Garrett Oliver loves English beer. Indeed, he's made a career out of it - in the US. Michael Jackson joins him for a pint

In his latest rampage through the world of food and drink, A Cook's Tour, New York chef-author Anthony Bourdain calls British ales "some of the finest alcoholic beverages in the world". Indeed, the New York foodie world embraces beer. The local chapter of the American Institute for Wine and Food has, despite its name, run beer-tastings as fund-raisers. So has the local convivium of Slow Food. Not only do American chefs appreciate and serve good beers more than their British counterparts, and often favour our beers – the United States has celebrity brewers.

When the city gained a new brewery in Brooklyn a few years ago, Mayor Rudolph Giuliani was there to pull the first pints. The brewer, Garrett Oliver, admired by peers and by devoted beer-lovers, is one of America's celebrity brewers. He's an eloquent broadcaster, currently producing a book for HarperCollins on beer and food, though this particular Oliver's media exposure doesn't mean he's mobbed in the New York streets by autograph hunters. But his world-beating beers were originally inspired by British ales, and he likes to return the compliment, by acting as a guest brewer here.

His work is currently featured at one of his favourite breweries, John Willie Lees, of Middleton, in Greater Manchester. Lees recently won attention for its wood-finished Harvest Ale. Now, Brooklyn Best Bitter will be available in Lees' pubs in the Manchester area from next week. In an imaginative exchange, Lees' own brewer, Giles Dennis, will brew in New York later this month.

Oliver is an all-round creative type. "I got a degree in film-making, then discovered that it qualified me to drive a cab," he muses. "If life was this puzzling, I might as well be confused in style." To an American fresh out of college, that meant coming to Europe. "I finished up stage-managing rock bands for the University of London Union."

What did he learn in Britain? "The notion that beer was worthy of attention. When I went out with friends, it was the first topic of conversation." I wonder whether this is still true, while he rehearses lines I have heard a thousand times: "The beer was brilliant tonight... it was cracking tonight... it was spot on."

This testifies to enthusiasm, but does not describe what is good about the beer. "The brilliance of the British brewer is his ability to coax a lot of expressive flavours out of not very much alcohol. These beers are designed to be consumed by the pint all evening, and still to taste wonderful at closing time," argues Oliver. "There is a subtlety that keeps your attention throughout the evening. To brew like this is an art form." In a pub in Suffolk, Oliver was served a pint of Adnams. "The aromas of sea air and new-mown hay – I thought it was the most miraculous thing I had ever stuck my nose in. I was enjoying the aromas when they brought the food I had ordered. I wanted to savour the aromas a little longer, so I asked them to take away the food."
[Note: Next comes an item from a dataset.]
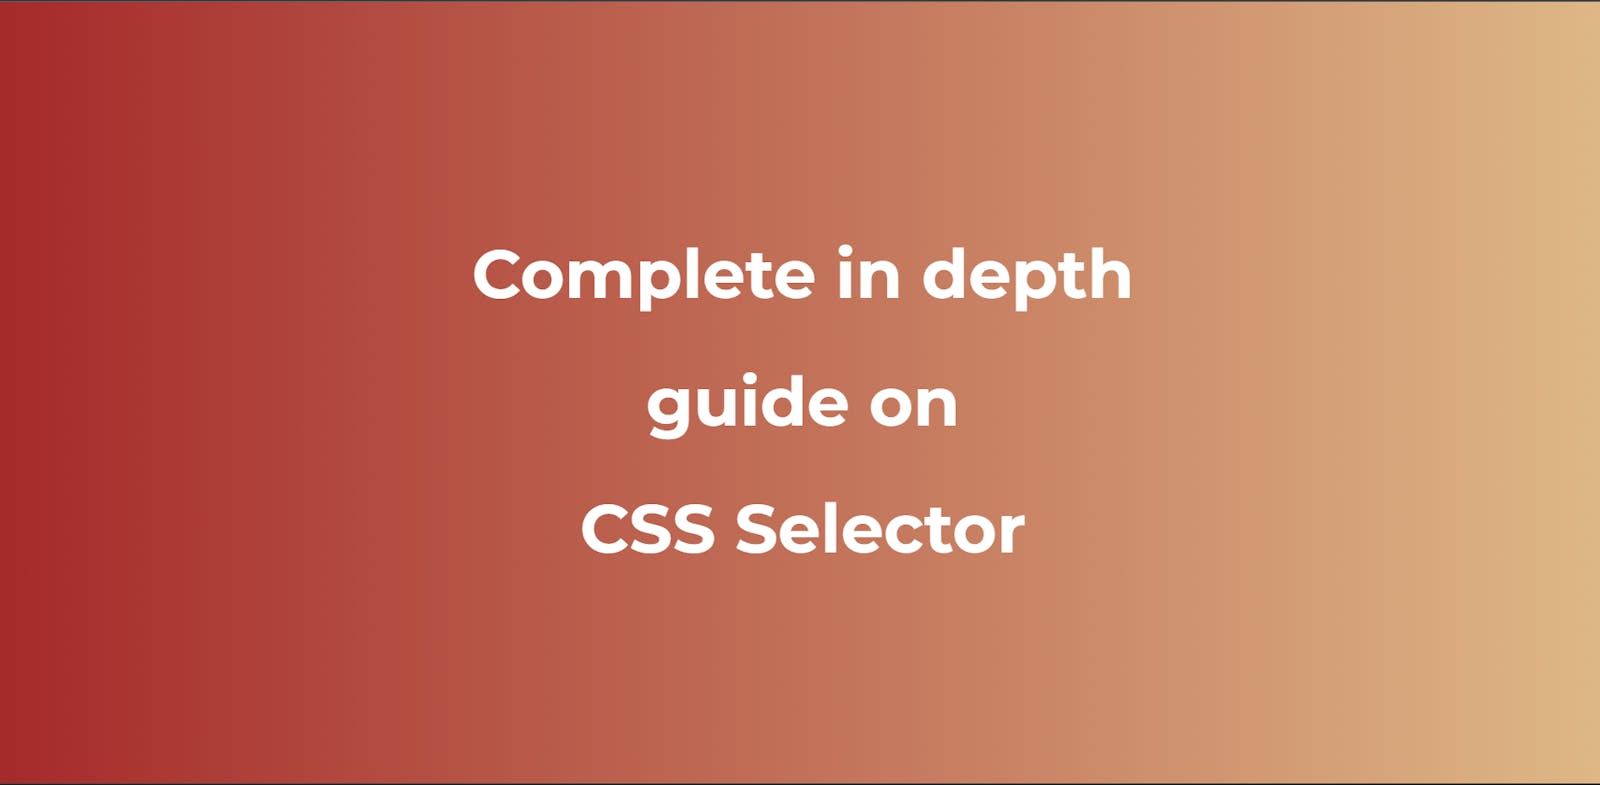 Complete in depth guide on CSS selector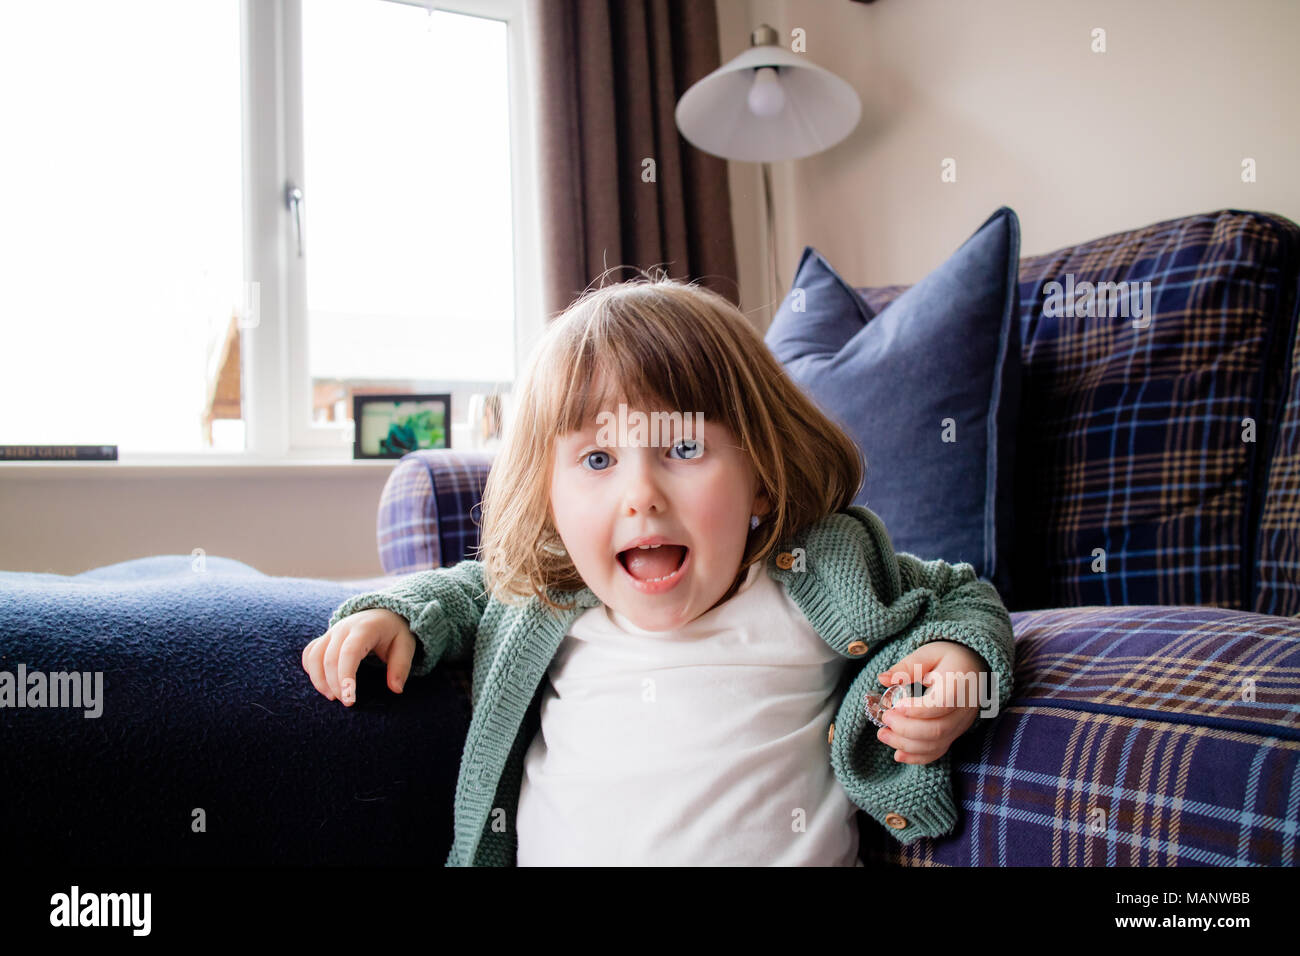 A young girl screaming at the camera in the house. Stock Photo

After learning to home-brew, then turning professional, he worked for a year or two at a New York brewpub in the late 1980s. In 1996, the Brooklyn Brewery opened, with Oliver manning the kettles. One of the founders was Steve Hindy, a former Newsday reporter who had been briefly kidnapped in Palestine and decided that New York was a safer place. As a one-time newspaperman, Hindy knew how to publicise a new, full-scale brewery in a city that had only brewpubs.

Oliver's beers for Brooklyn have included a Brown Ale with richer flavours than anything from Tyneside; an India Pale Ale as aromatic as bison-grass; and a Black Chocolate Stout that tastes as good as Sacher Torte.

Last year, he came to Britain to produce a guest brew at Brakspear's, of Henley-on-Thames. This was a bitter made with English malts and Washington State hops: the grapefruity Cascade hop and the more lemony Chinook, which reminds some tasters of the Riesling grape.

The bright American hop character was well received, but perhaps the leap was not too great. Drinkers of Brakspear's are accustomed to hefty hopping, albeit with more subtle English varieties This time in Manchester, he used a third hop variety: Willamette, in which you'll find a hint of aniseed. The intention is to round the beer out a little more. It will still be very hoppy, I am assured, but Oliver has sought not to frighten drinkers who are accustomed to the maltier style of Lees' regular ales. The beer will be called Brooklyn Best Bitter. One for Manchester United fans? Probably too tasty for them.

Oliver, now 39, looks more like a jazz musician than soccer fan. The impression is topped by his current favourite hat, like the one Lester Young wore. "I designed it myself; had it made," he grins. For this recent trip to Manchester he packed a Purdy – which turned out to be a waistcoat, not a sporting gun – and a Beretta shirt. He believes appearances matter. "If I wore a baseball hat backwards, would that inspire confidence?" he asks. "Would people want to buy what I produce?"